Her research of Hodgkins led her to the time in the 1920s when the artist was ''stony broke'' in the United Kingdom and took a job as a textile designer.

''It's an interesting moment in her career, which has not had much attention.

''It shows what means an artist will go to.''

Menzies discovered Te Papa held eight gouaches of some of the designs Hodgkins created during that time. They would have been created as a reference for screen printing at the time. No samples exist of the actual fabrics made from the designs.

It was a volatile time in Europe and Hodgkins was still piecing together who and what she was as an artist, she said.

So Menzies decided to re-create the designs with the help of a digital designer. She drew elements from an original design to create a pattern.

''The colours are pretty faithful. It's a version of what the originals might have been, not a physical reference of the original design.''

Then Menzies used the fabric to cover two chairs and a stool from the office used by the Frances Hodgkins fellows at the University of Otago, highlighting the links between the city, the artist and Menzies as the Frances Hodgkins fellow.

But her journey began with Richards and her interest in her work as a potter.

Menzies herself had become fascinated with potting and had travelled to Australia with a group of potters last year.

Richards' influence on her thinking was marked with the re-creation of a flyer which originally advertised a show Richards had. While it was missing the date, Menzies had pinpointed 1958.

With the poster, Menzies was trying to acknowledge the role Richards played in 20th-century ceramics and art.

''She was a potter and poet; she wrote about education. Like Paul she was a polymath of a different sort. She was also overlooked in her lifetime.''

Richards struggled for recognition in her time as being female and creating pottery was not seen as having the same standing as her male peers.

Menzies' fascination for fossicking through the Hocken archives and the time-restricted nature of the fellowship also led to another project - the creation of a 2019 calendar.

''I'm really interested in print culture.''

Of course, it has a twist: each month is an image of the month of a calendar from the past which shared the same dates as this year.

''The nature of the residency being a 12-month cycle made me think about time as being arbitrary, that we slice and organise it to structure our lives.''

She produced the calendar with help from Dunedin Print.

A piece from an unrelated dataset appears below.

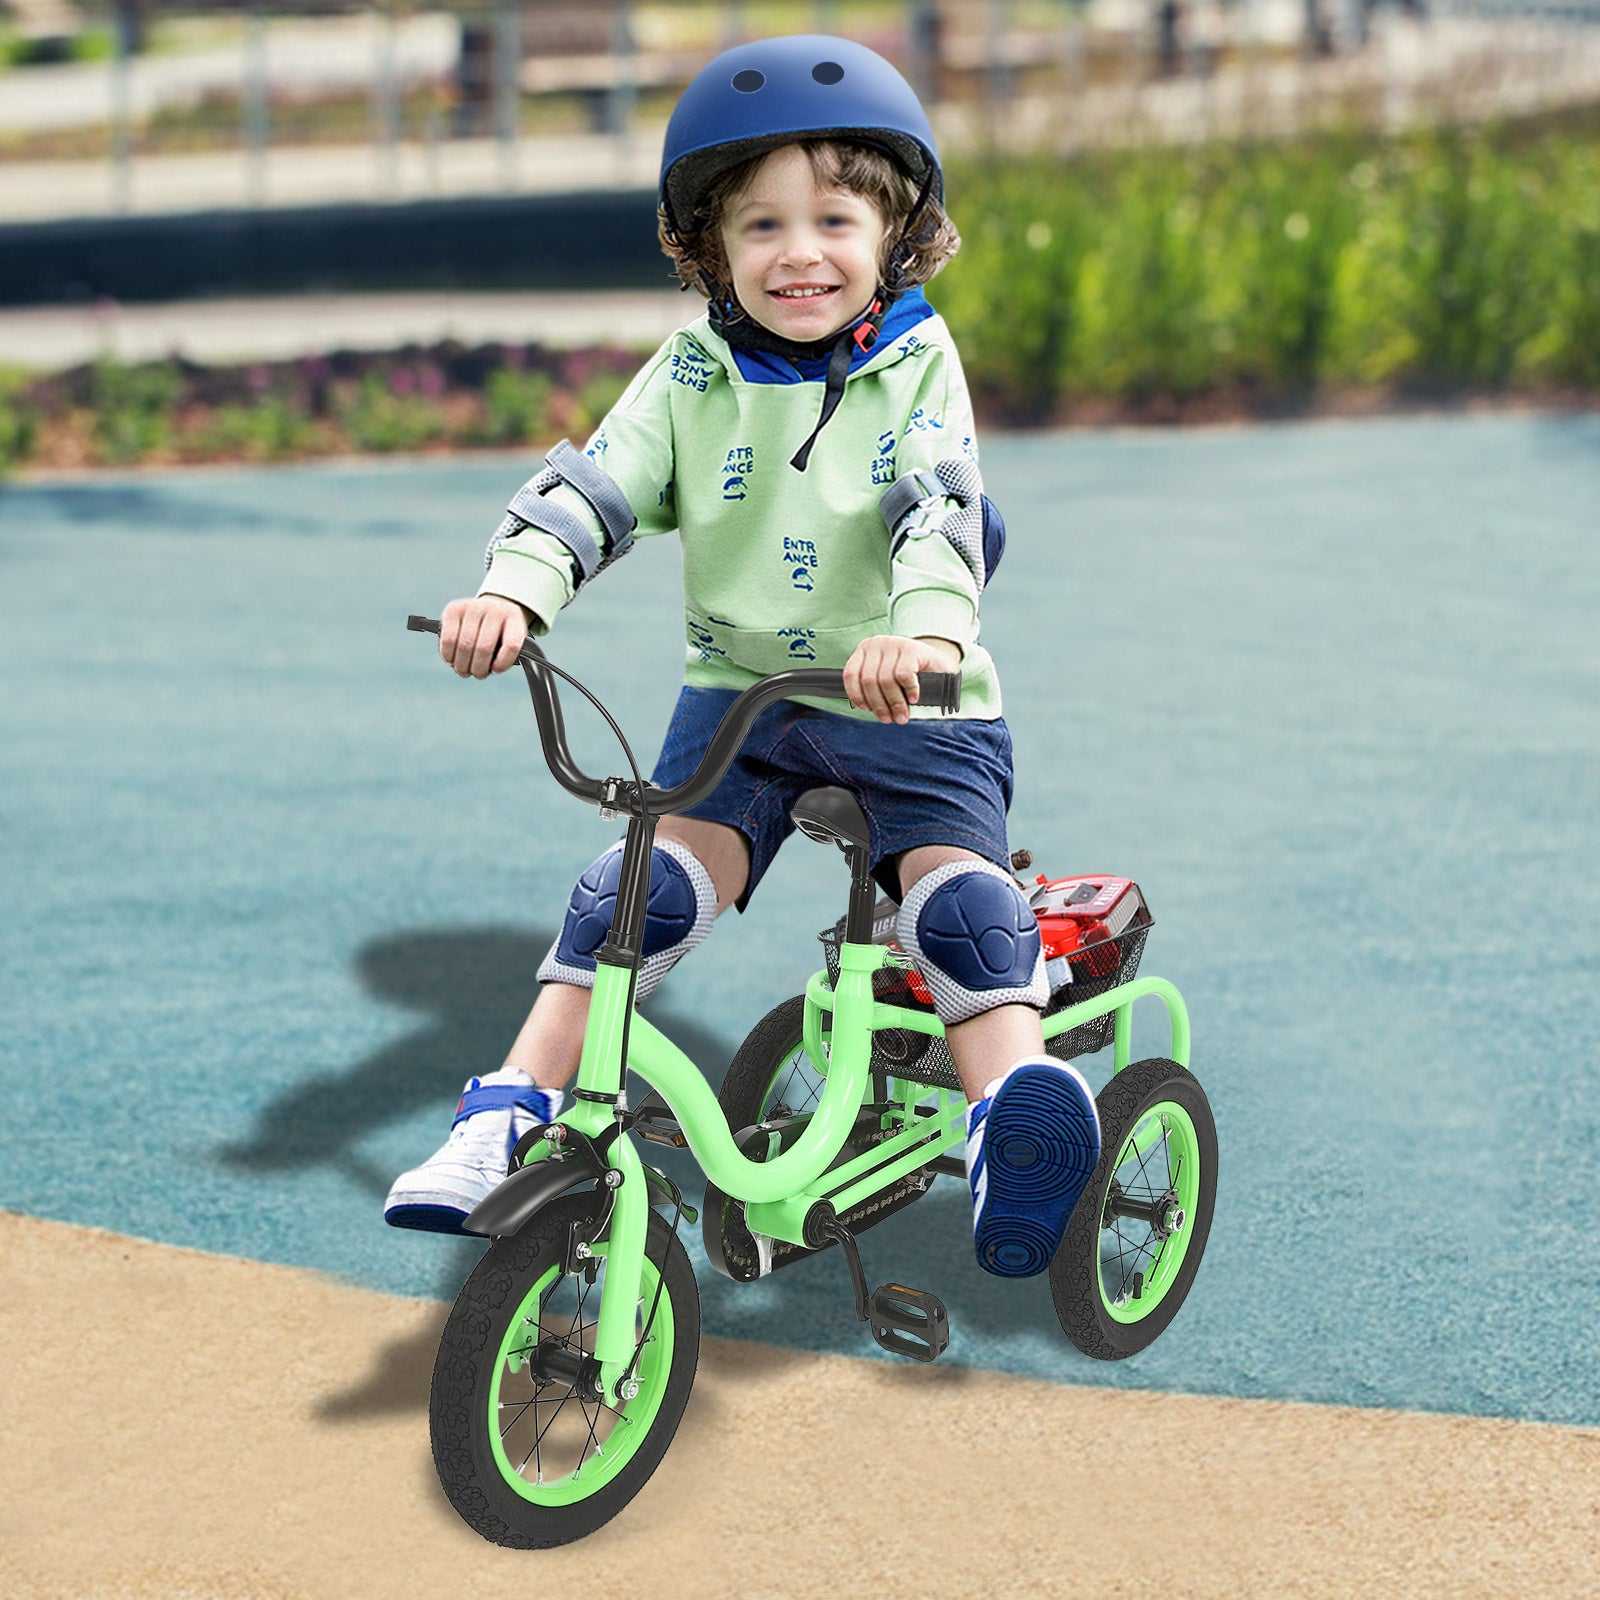 1x 3-Roue Tricycle Vélo pour Enfant Bébé 2 à 6 Ans Vert

Most pages also featured a cut-out, which enables the next page to show through.

Artist Matthew Galloway helped with the calendar's design.

''It was a really fun time.''

Menzies is returning to Auckland, but says Dunedin has a place in her heart.

''I hope to do something in Dunedin in the future, to continue by connection with the city.''

To see

Louise Menzies’ ‘‘In an orange my mother was eating’’ opens on February 16 and runs until March 30.

She will take part in an artist’s talk on February 16 at 11am. There is also a curators talk on March 30 at 3pm.